Speaking to hundreds of supporters in what is widely considered a critical battleground state come November, Biden spent little time addressing North Carolina-specific issues. Instead, he focused on using his state fairgrounds pulpit to loudly and vigorously push back on the “lies” and “hyperbolic statements” Trump offered up at the debate.
He dinged Trump for facilitating the overthrow of Roe v. Wade, which guaranteed the right to abortion care at the federal level, something Trump publicly embraced on Thursday. Trump insisted that returning the decision to restrict or allow abortions to individual states was a popular outcome of his having appointed three conservative justices to the U.S. Supreme Court.
“Donald Trump thinks overturning Roe v. Wade was a beautiful thing,” Biden said. “I think it was a nightmare. I really made it clear again last night and if you elect me and Kamala (Harris) … we will make Roe v. Wade the law of the land again.”
Biden was buttered up by prominent North Carolina Democrats, including Gov. Roy Cooper in full campaign mode, though he is not currently running for office.
“Do we want to be Donald Trump’s America where the government is nothing more than a tool for revenge and retribution?” Cooper asked the crowd ahead of Biden’s remarks. “Do we want to be Donald Trump’s America where the President is a convicted felon whose lies come even too fast for the fact checkers? Of course we don’t. Do we want to be Donald Trump’s America where the President tries to overthrow democracy and says if he’s elected he’ll be a dictator?”

North Carolina Gov. Roy Cooper speaks at a Biden rally Friday at the State Fairgrounds in Raleigh. (Photo by Dan Parsons)
“Folks, four years ago, we told Donald Trump ‘You’re fired!’” Cooper added.
North Carolina Attorney General Josh Stein, who is running a tight campaign for Governor against Lt. Gov. Mark Robinson, a Trump-aligned Republican, brought the campaign rhetoric down to the state level. Still, the state is a battlefield in the national culture war over abortion rights and other social issues, several of which Stein addressed.

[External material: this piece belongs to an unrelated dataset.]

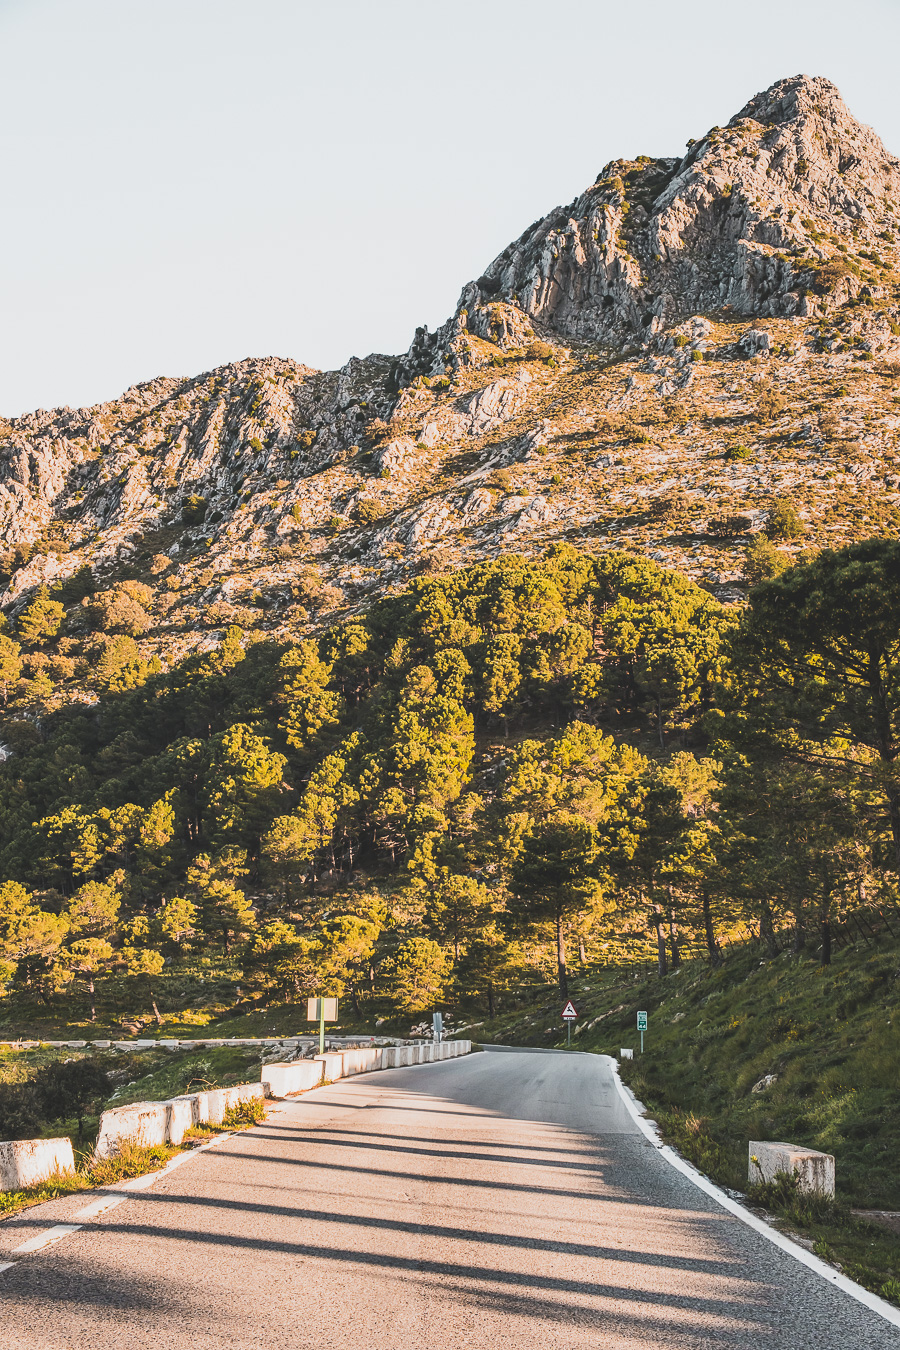 Visitez l'Andalousie en 5 jours en van ! 🌞🚐 Un road trip unique à travers les paysages époustouflants et les charmants villages blancs de cette région d’Espagne. Partez à l’aventure et explorez des destinations incroyables, idéales pour un voyage en couple ou en famille. Cliquez pour des conseils pratiques, des itinéraires détaillés et les meilleures astuces pour réussir votre voyage en van. Préparez-vous à vivre une expérience mémorable en Andalousie ! #VoyageEnVan #RoadTrip #Andalousie #VacancesEnEspagne #NatureEnEspagne

“I want you to know, as your next Governor, I will veto any further restrictions on women’s reproductive freedom,” Stein said, alluding to both the Republican introduced ban on abortions after 12 weeks of pregnancy and his opponent’s stated desire to outlaw abortion in North Carolina under any circumstances including rape and incest.
As the state’s top law enforcement officer, Stein claimed to have cleared the “largest backlog of untested rape kits so we are now delivering justice for victims.” He also defended “women’s right to choose and people’s right to vote.”
In a contest no less contentious and vitriolic as the one for President, Stein said Robinson wants to wage “job-killing culture wars” as Governor and that “his vision is one of division and hate.”
“He says truly awful things about other human beings,” Stein said. “He calls public school teachers wicked people, demons, says that gay people are filth and even worse than that. He mocks school shootings. … He wants to slash – that’s his word, not mine – school funding. He wants to make it harder for people to vote. … He is a self-described conspiracy theorist. He denies the 2020 election results. He even denies the Holocaust.”
“Friends, we must deny him the governorship,” Stein added.
Biden rolled up the event by appealing to American history. Unlike other nations founded on religion, monarchy or cults of personality, the United States was founded on an “idea that everyone is created equal,” he said.
“Trump is a genuine threat to this nation,” Biden said. “He is a threat to our freedom, a threat to our democracy and is literally a threat to everything America stands for. … I’ll be damned if in the year 2024, just two years before the 250th anniversary of our Declaration of Independence, I’ll let Donald Trump walk away from it.”
“The choice is simple,” Biden said. “Donald Trump will destroy democracy. I will defend it.”